In April 2019, the archaeological mission of the Ministry of Antiquities led by Waziri uncovered a tomb of a nobleman called Toutou and his wife at the Al-Dayabat archaeological site in the Sohag Governorate, dating back to the Ptolemaic era. The tomb contained two tiny rooms with two limestone sarcophagi. Besides the well preserved mummies, mummified animals and birds including falcons, eagles, cats, dogs and shrews were also revealed in the tomb.

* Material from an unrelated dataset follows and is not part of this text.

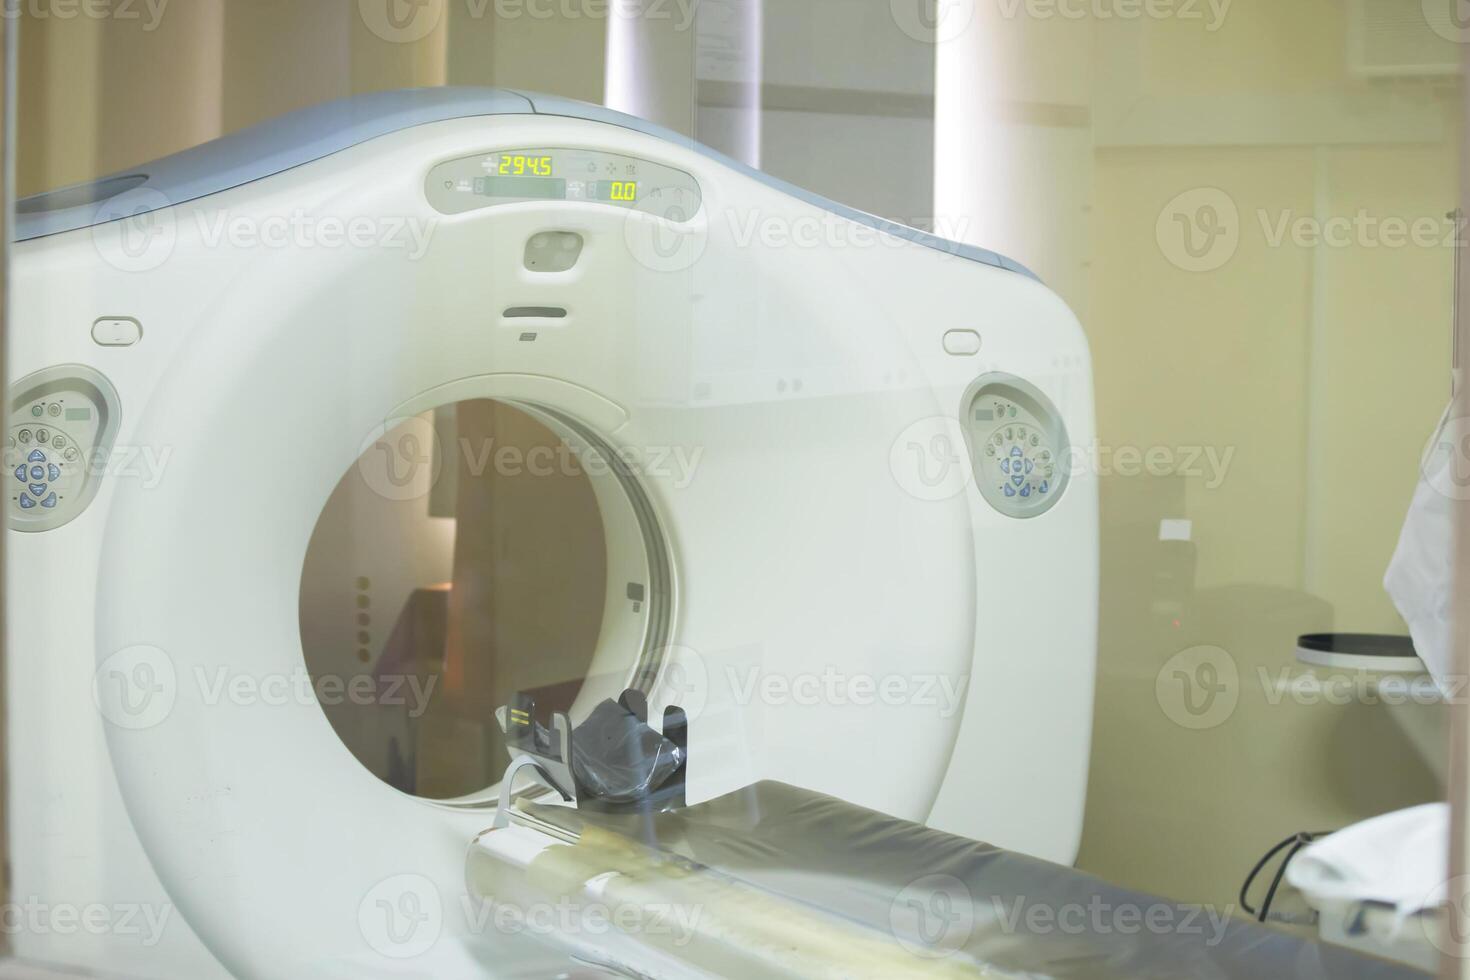 mri machine voor magnetisch resonantie in beeld brengen in ziekenhuis radiologie foto
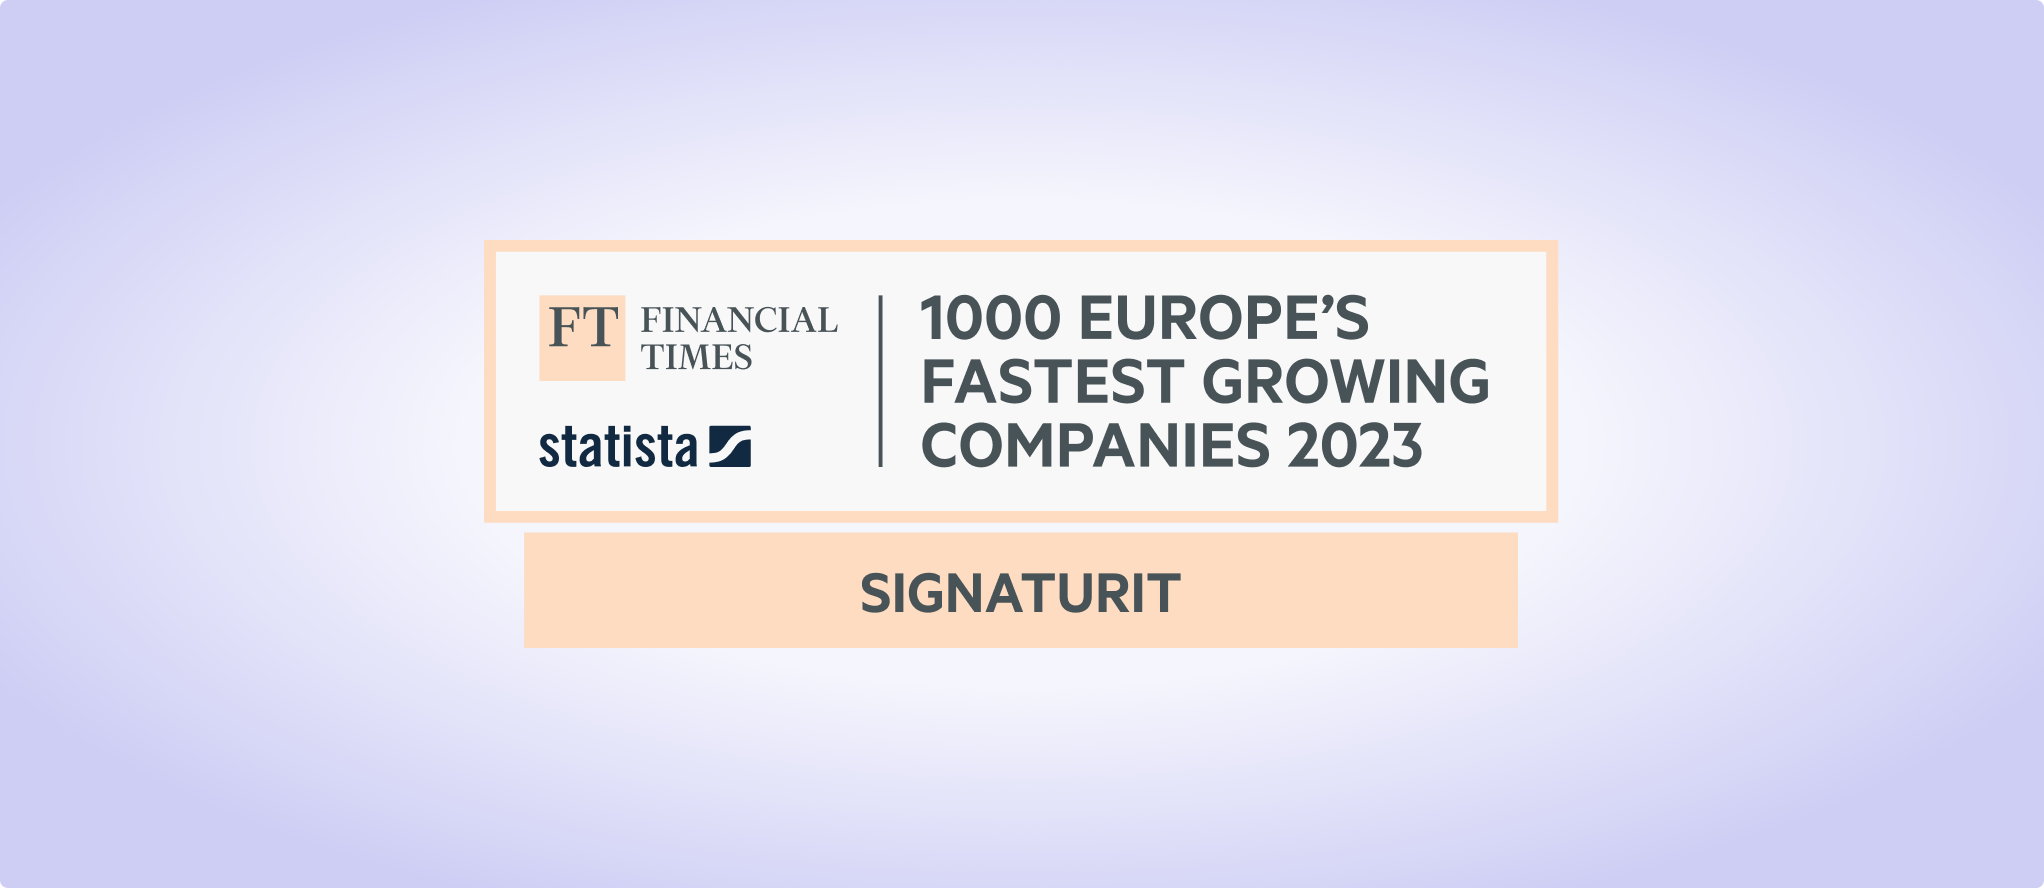 Signaturit est le seul spécialiste de la e-signature du classement FT1000 des entreprises technologiques à forte croissance en Europe

In January 2020, Egypt’s Minister of Tourism and Antiquities announced the discovery of the collective graves of senior officials and high clergies of the god Thoth in Tuna el-Gebel in Minya. An archaeological mission headed by Waziri reported that 20 sarcophagi and coffins of various shapes and sizes, including five anthropoid sarcophagi made of limestone and carved with hieroglyphic texts, as well as 16 tombs and five well-preserved wooden coffins were unearthed by their team.

In February 2023, his team announced the discovery (in May 2022) of what is now called the Waziri Papyrus I, a 16-metre-long papyrus text in the Book of the Dead tradition, found in the coffin of a man named Ahmose. The scroll dates to 350-300 BC and contains 113 spells. It is "considered the largest and most complete papyrus in hieratic script discovered in the Saqqara necropolis." "The name of its owner, Ahmose, is mentioned around 260 times in a hieratic inscription and includes 113 chapters from the Book of the Dead. The text is also supplemented with various depictions and representations such as a scene showing Ahmose worshiping the god of the netherworld Osiris in his shrine." It is now kept at the Egyptian Museum in Tahrir.

In March 2023, Waziri was part of the announcement of finding the North Facing Corridor behind the original entrance of the Great Pyramid of Giza, by the ScanPyramids team.

== Media appearances ==
In July 2023, Waziri appeared in the Netflix documentary Unknown: The Lost Pyramid, directed by Max Salomon, alongside his mentor Dr. Zahi Hawass. The film documents Waziri's 2022 season archaeological work in Saqqara alongside his mentor, Zahi Hawass.